Fig. 5: Spatial A-to-I editome marks characteristic features for different staining groups.
figure 5

Source data are provided as a Source Data file. a Percentage of A-to-I-edited samples per staining group (top) (n = 106 biologically independent samples (ROI)). Interquartile range (IQR) of boxplot is between Q1 and Q3 and centre line indicates median value. Whiskers of boxplot is extended to the maxima and minima. Maxima is Q3 + 1.5*IQR and minima is Q1 − 1.5*IQR. Bar graphs of ADAR gene expression according to the spatial groups (bottom). Bar plot indicates mean value and error bar indicates standard deviation. b Portions of A-to-I-edited regions in the genome (top). Profiles of editing in the non-repetitive regions, excluding upstream and downstream regions (middle). Portions of non-synonymous (Non-syn) and synonymous (Syn) editing events among the exonic-edited regions (bottom). c A-to-I editome landscape of different microniche groups.

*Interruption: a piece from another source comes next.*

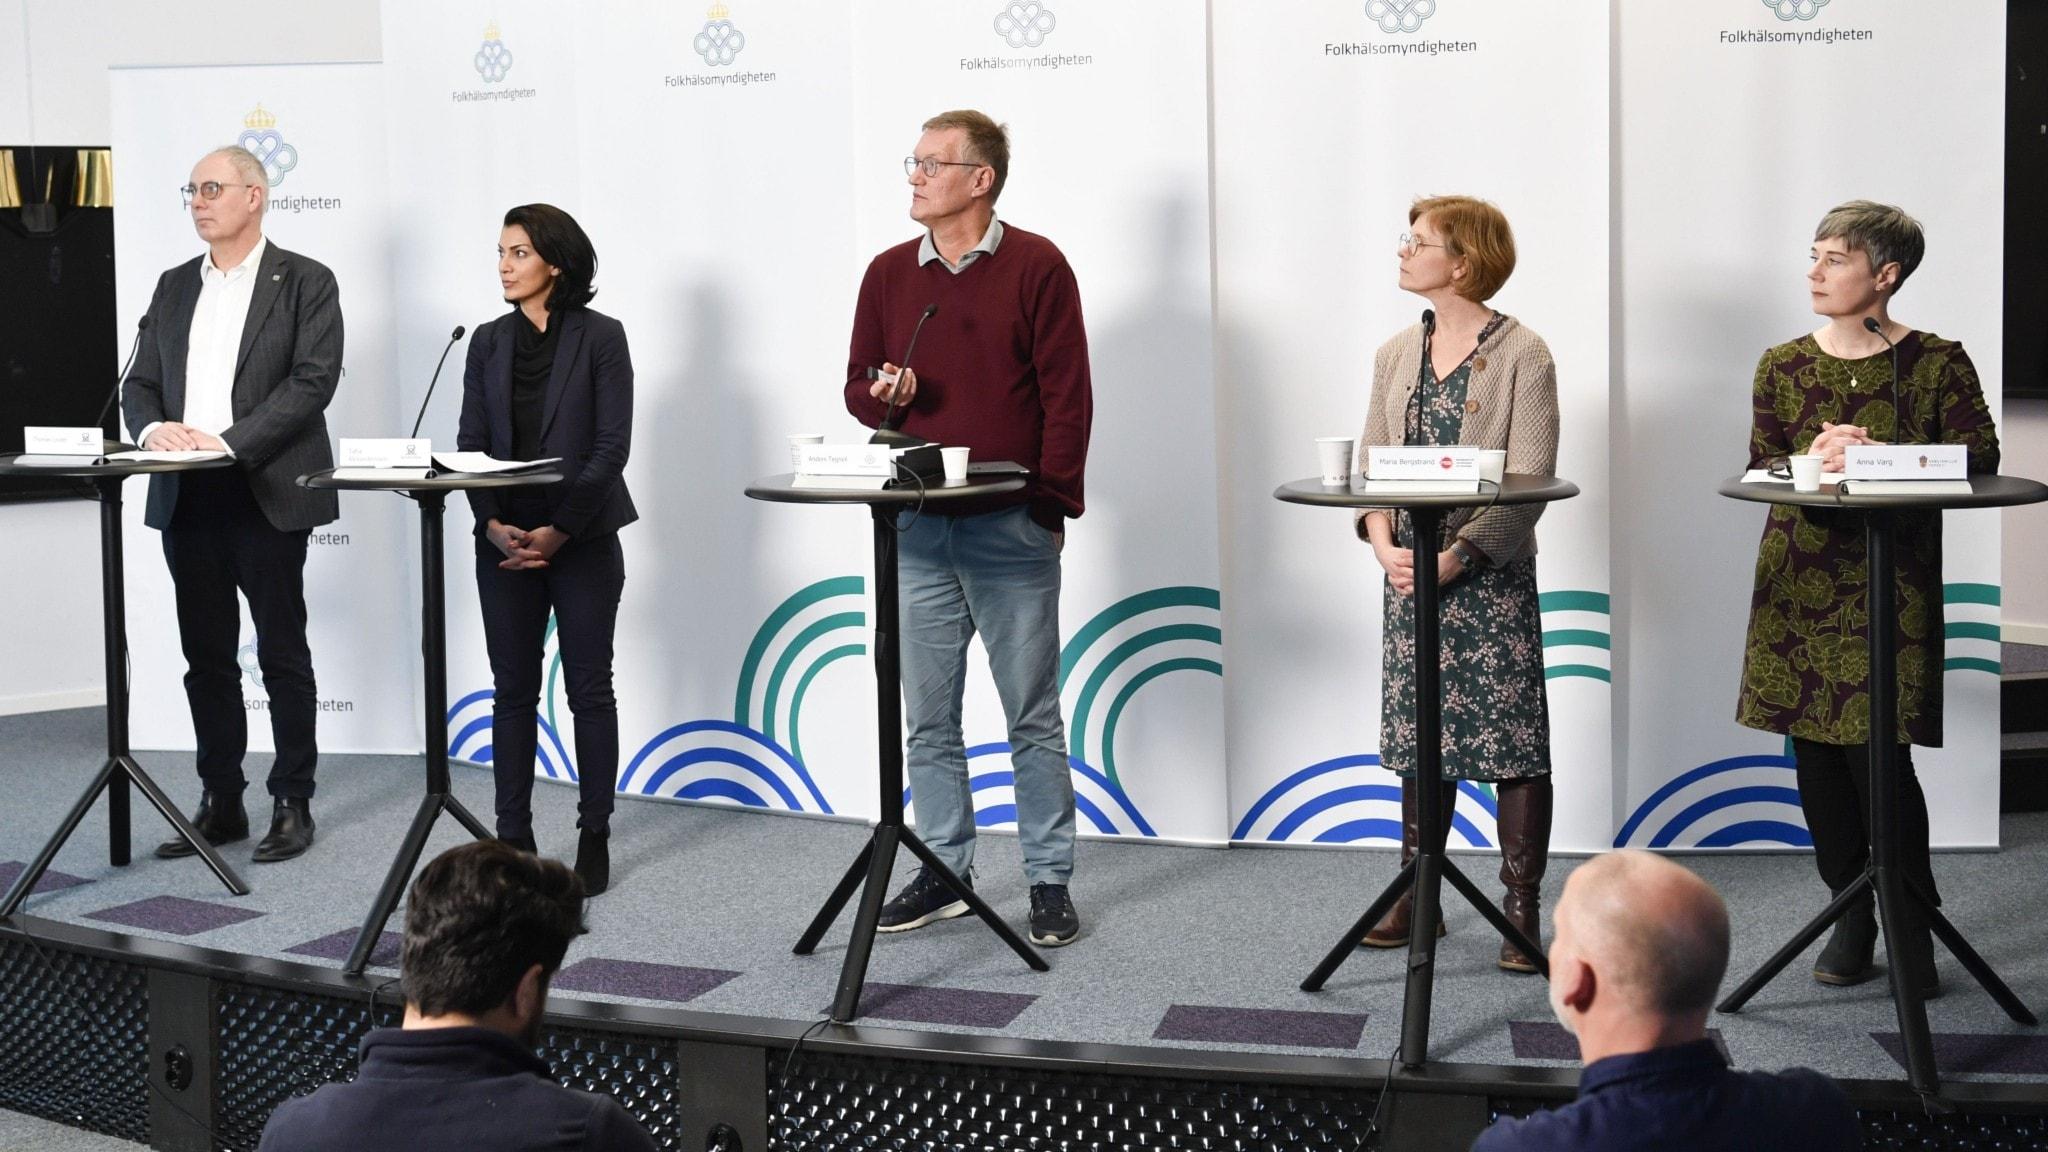 Folkhälsomyndigheten håller presskonferens med olika myndigheter.

Fig. 6: Non-synonymous A-to-I editing signatures are preserved in the stiaining microniche groups.
figure 6

Source data are provided as a Source Data file. a A-to-I editome of distant-clustered ROIs show preserved A-to-I signatures. b Tree with height clustered with physical distance between ROIs (left) and distribution of these clusters in the tissue. c A heatmap of single-base RNA editing event in selected genes related to iron mediation. d Volcano plot of fold change values of genes in samples with A-to-I-edited GPX4 variants compared to those without the variant. Microniches from four TNBC tissues (from patients B, C, D, and E) were analyzed. Blue dots indicate ferroptosis-related genes, red dots indicate upregulated genes in CSCs, and green dots indicate downregulated genes in CSCs.

A-to-I editing events in GPX4 gene are related to ferroptosis-related gene expression

Ferroptosis is a non-apoptotic and lipid reactive oxygen species (ROS)-related type of programmed cell death that affects inflammation-associated immunosuppression in tumours41,42. We noted that the CD44low/−/ALDH1high microniches with A-to-I-edited GPX4 variants had high ferroptosis-associated gene set level changes with high expression levels of GPX4. With recent findings that breast tumours maintain a reservoir of subclonal diversity43, we sought to investigate whether the GPX4 A-to-I editing event is related to residual cancer microniches. We applied Select-seq to four other patients who received neoadjuvant chemotherapy and supplied tissues B (ID: 180908T), C (ID: 180807T), D (ID: 190422T), and E (ID: 200710T), from which 161 target regions were selected for Select-seq (Supplementary Fig. 2). After screening the GPX4 gene in the microniches in the four tissues, we separated them into two groups: those with the A-to-I-edited GPX4 variant and those without the variant. We then depicted the volcano plot of the two different microniche groups in tissues B, C, D, and E (Fig. 6d). Specifically, the expression of the iron uptake protein-encoding gene TFRC was downregulated, while the expression of the iron storing ferritin-encoding gene FTH1/FTL and the lipid ROS elimination-related protein-encoding gene GPX4 was upregulated. We suspect that similar to the previously reported A-to-C single-nucleotide variations at the genomic level, this alteration causes the overexpression of GPX4 genes36. Additionally, pro-ferroptotic VDAC3 gene expression in the A-to-I-edited microniches suggests that these cells will not develop resistance to ferroptosis-inducing drugs such as erastin, which binds to VDAC344. In microniches without A-to-I editing in the GPX4 gene, the TFAP2C, ITGB6, and SPINT2 genes, which are known to be downregulated in CSCs, were overexpressed. Therefore, differentially expressed ferroptosis-related genes and GPX4 A-to-I editing events throughout the tissue were observed and led to our hypothesis that GPX4 A-to-I editing events affect ferroptosis in CSC-like microniches. We further explored whether A-to-I editing in GPX4 genes was related to clinical outcomes in TNBC patients.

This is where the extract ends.